A prestigious international award – the Leverhulme Visiting Professorship – has been granted to Professor Marie-Claire Cordonier Segger of the School of Environment, Enterprise and Development (SEED), Faculty of Environment, University of Waterloo, by the University of Cambridge to visit the UK and inspire new law and policy research, teaching and dialogue on climate change and sustainability over the coming two years.
Countries have committed to deliver 17 ambitious global Sustainable Development Goals (SDGs), ranging from SDG 1 (no poverty) to SDG 13 (climate action), to SDG 15 (life on land), to SDG 16 (peace, justice and good governance) among others, on all levels by 2030. However, the world is in a climate emergency, and significant gaps remain between the ambitious international law/policy targets of the SDGs and the capacity of law and policy makers, academics and graduates destined for the public and private sector to deliver, across Canada, the UK and globally.
This prestigious Leverhulme Visiting Professorship, awarded by the University of Cambridge to Prof Marie-Claire Cordonier Segger, bridges the gap. It invites an “outstanding, eminent international professor” with global expertise in law and governance solutions to climate change and sustainable development, from the University of Waterloo and the Centre for International Sustainable Development Law (CISDL) in Canada, to spend several months over the course of the coming two years delivering a series of high profile lectures at the University of Cambridge, the University of Oxford, London School of Economics (LSE) and others, and enhancing knowledge on climate change and the SDGs.
The award is one of the first Leverhulme Trust Visiting Professorships to be won for women at the University of Cambridge, and very rare to be granted in the social sciences. Professor Cordonier Segger was nominated by the University of Cambridge, and is hosted by the Bennett Institute for Public Policy in collaboration with colleagues from Law, Land Economy and other departments.

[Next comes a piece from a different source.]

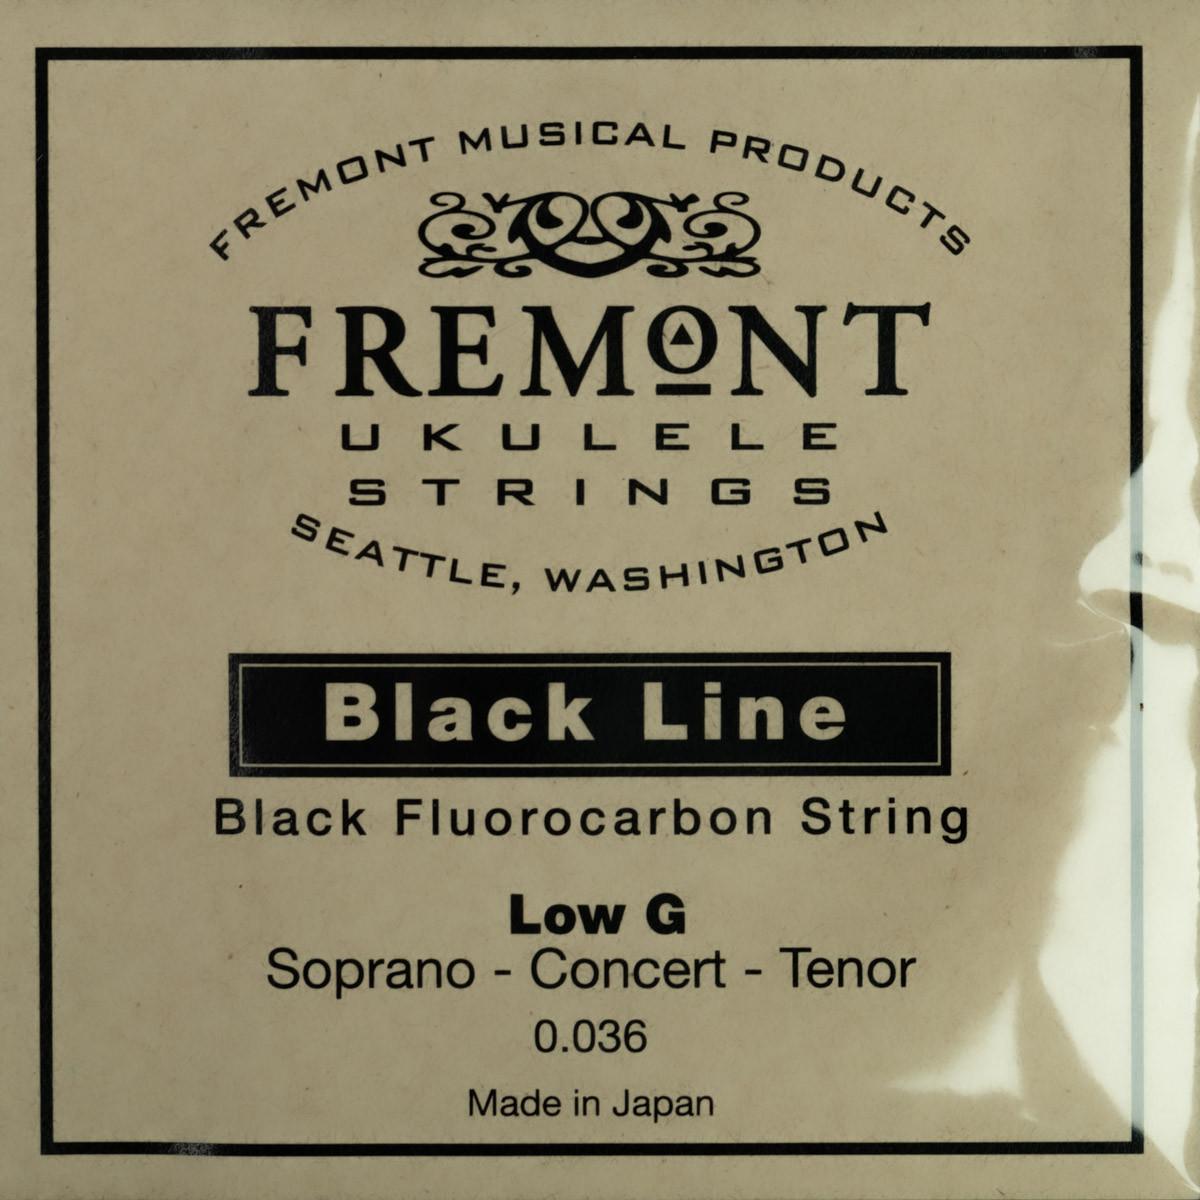 Fremont Black Line Fluorocarbon Low G Ukulele String
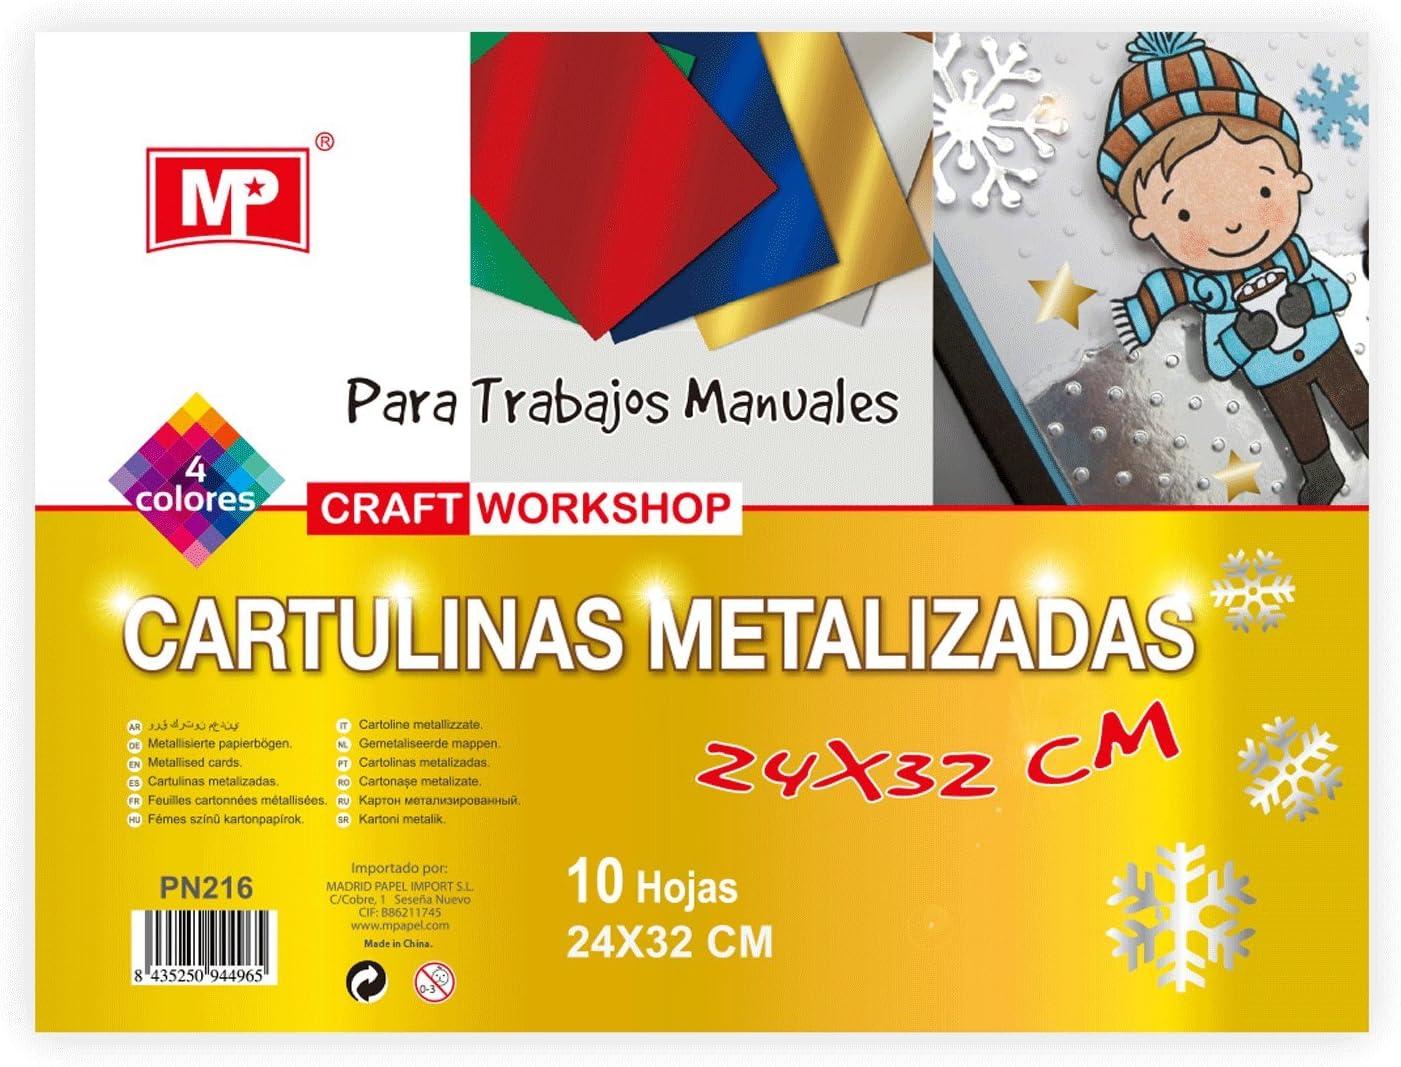 MP PN216 - Pack de 4 cartulinas metalizadas: Amazon.es: Oficina y papelería

Prof Marie-Claire Cordonier Segger said: "It is a brilliant honour to be granted this outstanding opportunity to foster research and debate on law and policy responses to climate change, and potential sustainable development solutions, in the University of Cambridge and across the UK. Climate change is the justice challenge of our century. Greater ambition is desperately needed, globally, across all sectors and disciplines, to respond to the current climate emergency and deliver on the world's Sustainable Development Goals. Through this Visiting Professorship, I look forward to advancing new research partnerships and public policy dialogue, and to helping a new generation of graduates and colleagues to strengthen knowledge and skills needed to address this crucial threat to humanity and all species."
The Laureate: A world leader in the field of climate change and sustainable development law and policy
Prof Dr Marie-Claire Cordonier Segger, DPhil (Oxon), MEM (Yale), BCL&LLB (McGill), BA Hons (Carl/UVic), FRSA, JFR, is a world-class academic, legal expert and policy innovator in climate change and sustainable development. Laureate of the prestigious Justitia Fundamentum Regnorum and other international awards, she is Full Professor of International Law at the School of Environment, Enterprise and Development and Fellow of the Balsillie School of International Affairs in the University of Waterloo, Canada. Also serving as Senior Director of the Centre for International Sustainable Development Law (CISDL) and Executive Secretary of the UN Framework Convention on Climate Change (UNFCCC) CoP25 Climate Law and Governance Initiative, she lectures globally on the SDGs, serves on the Board of Canada's International Law Association and the Trust for Sustainable Living, as Chair of a World Bank LJD Community of Practice on the Environment, and Chair of the UN Convention on Biological Diversity Biodiversity Law and Governance Initiative, among other commitments. She has published over 20 books and over 120 papers in five languages, edits a series of volumes on sustainable development with Cambridge University Press, and serves on editorial/review boards of five international law journals, having co-founded three. She also holds over 20 years of international treaty negotiations, executive and capacity-building experience spanning over 80 countries as senior advisor to UN treaty negotiations, international organizations and countries on implementing the UNFCCC Paris Agreement and the global Sustainable Development Goals. In the past, she served as Senior Legal Counsel to the UNFCCC Presidency and the Ramsar Convention on Wetlands, Senior Legal Expert to the International Development Law Organization (IDLO), founding Senior Research Director of the Sustainable Prosperity Policy Research Network, and a senior official in the Canada’s Ministry of Environment and Climate Change, among other roles. She helped to found the Sustainable Development Solutions Network (SDSN) of Canada, which is chaired by Professor Jean Andrey, Dean of the Faculty of Environment, University of Waterloo.